In 2001, TSO founded Gemini mobile technology with Joseph Norton ’93, SM ’93 and others. The company continues to build the world’s largest mobile messaging system to handle massive data growth in camera phones. Then, in the late 2000s, cloud computing became a powerful way for enterprises to rent virtual servers during production and operation. TSO noticed that the amount of data collected grew much faster than the network speed, so he decided to transfer the company.
“Data is created in many different places, and the data has its own gravity: it will cost you money and time to move it,” TSO explained. “This means that the ultimate state is a distributed cloud that can reach edge devices and servers. You have to bring the cloud into the data, not into the cloud.”
TSO officially launched Cloudian from Gemini mobile technology in 2012, with its new focus on helping customers use scalable, distributed, cloud-compatible data storage.
“What we didn’t see when we first started a company is that AI will be the end use case for Edge data,” TSO said.
Although TSO’s research at MIT began more than two decades ago, he believes that the work he is engaged in has a strong connection to the industry today.

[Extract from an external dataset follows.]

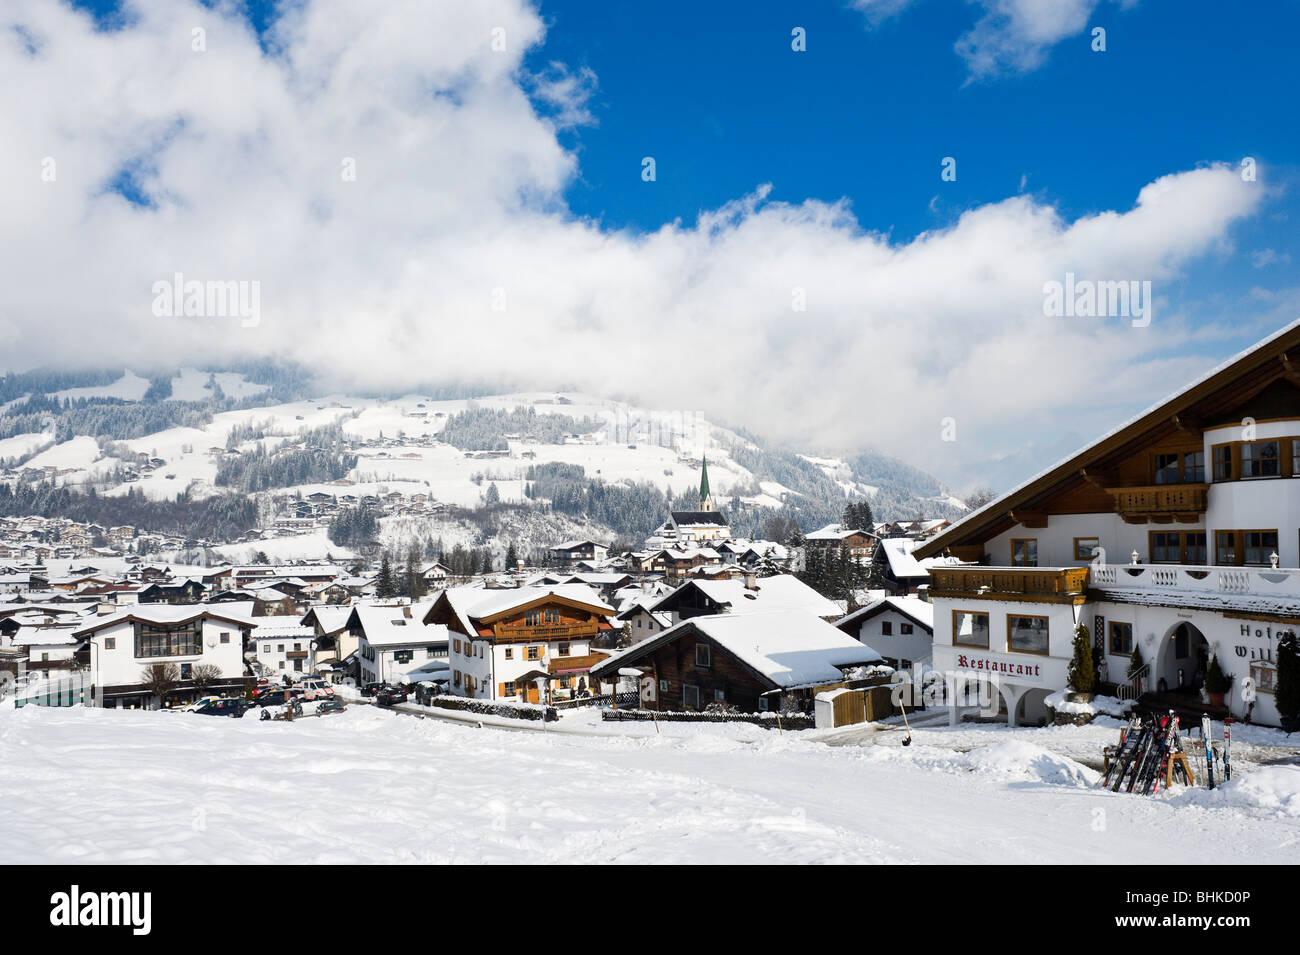 View over the resort from the bottom of the slopes, Kirchberg, near Kitzbuhel, Tyrol, Austria - Stock Image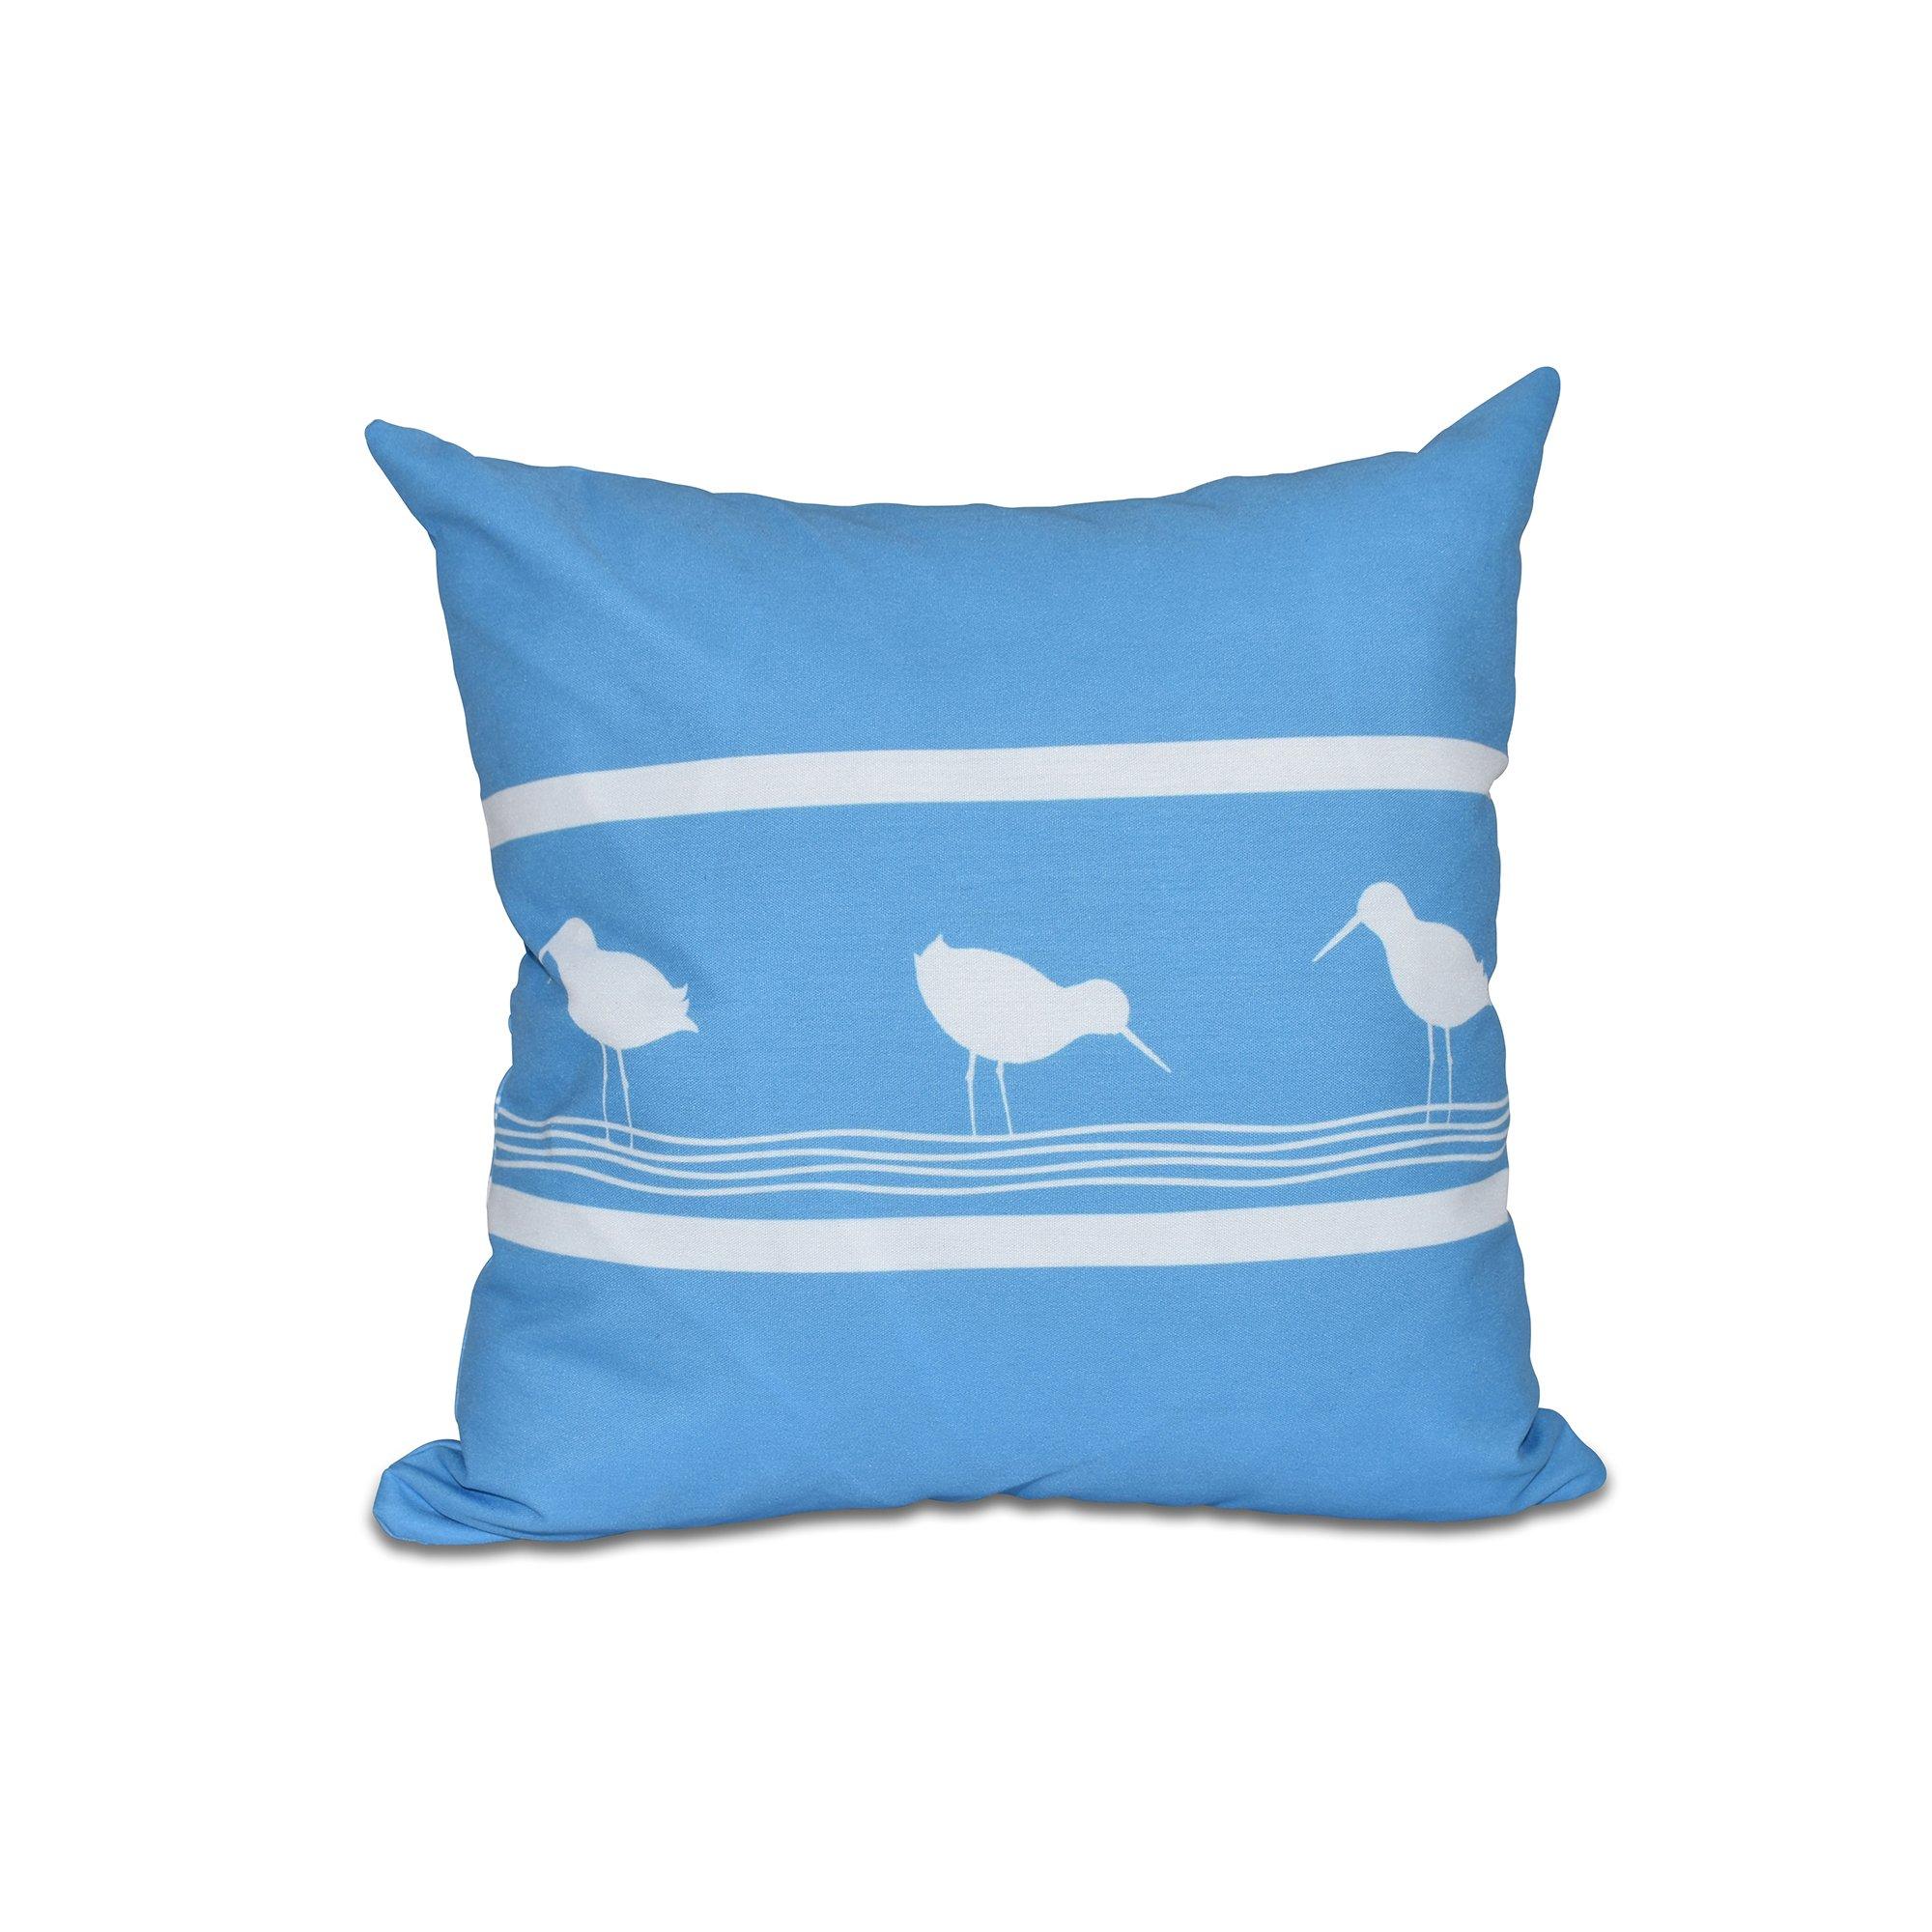 E by design 16 x 16-inch, Birdwalk, Animal Print Pillow, Blue

“It’s like I’ve been fighting back all my life, because David Clark and I are dealing with disconnected and intermittently connected networks, which is part of every edge use case today, and Professor Dali is working on very fast, scalable interconnects,” TSO said. “Now, when you look at the modern NVIDIA chip architecture and how it communicates with chips, that’s all Dally’s work. Using Professor Papadopoulos, I used Accelerate Application software for parallel computing hardware without having to rewrite the application, which is what we’re working on solving NVIDIA’s problem.”
Today, Cloudian’s platform uses an object storage architecture where various data (DOCOUMENT, video, sensor data) are stored as unique objects with metadata. Object storage can manage large amounts of data sets in flat file components, making it ideal for unstructured data and AI systems, but traditionally it cannot send data directly to the AI model without first copying the data into the computer’s storage system, creating latency and energy bottlenecks for the enterprise.
In July, Cloudian announced that it had extended the object storage system using a vector database that stores data in an instant-usable form of AI models. With data ingestion, Cloudian is computing vector forms of that data in real time to provide AI tools such as recommendation engines, searches and AI assistants. Cloudian also announced a partnership with NVIDIA to allow its storage systems to work directly with AI companies’ GPUs. Cloudian said the new system could make AI operations faster and reduce computing costs.
“About a year and a half ago, NVIDIA contacted us because GPUs can only be useful with the data that keeps them busy,” TSO said. “Now people realize that moving AI to data is easier than moving large datasets. Our storage system embeds many AI capabilities, so we are able to preprocess and postprocess data near collecting and storing data.”
AI priority storage
Cloudian is helping around 1,000 companies worldwide get more value from their data, including large manufacturers, financial service providers, healthcare organizations and government agencies.
Cloudian’s storage platform, for example, is helping a large automaker use AI to determine when each of its manufacturing robots needs to be repaired. Cloudian has also worked with the National Library of Medicine to store research articles and patents, as well as the National Cancer Database to store tumor DNA sequences—a rich data set that AI models can process to help research and develop new treatments or gain new insights.
“GPUs have always been an incredible enabler,” TSO said. “Moore’s law doubles the number of computations every two years, but GPUs are able to operate in parallel on chips, so you can tie the GPU to Moore’s law.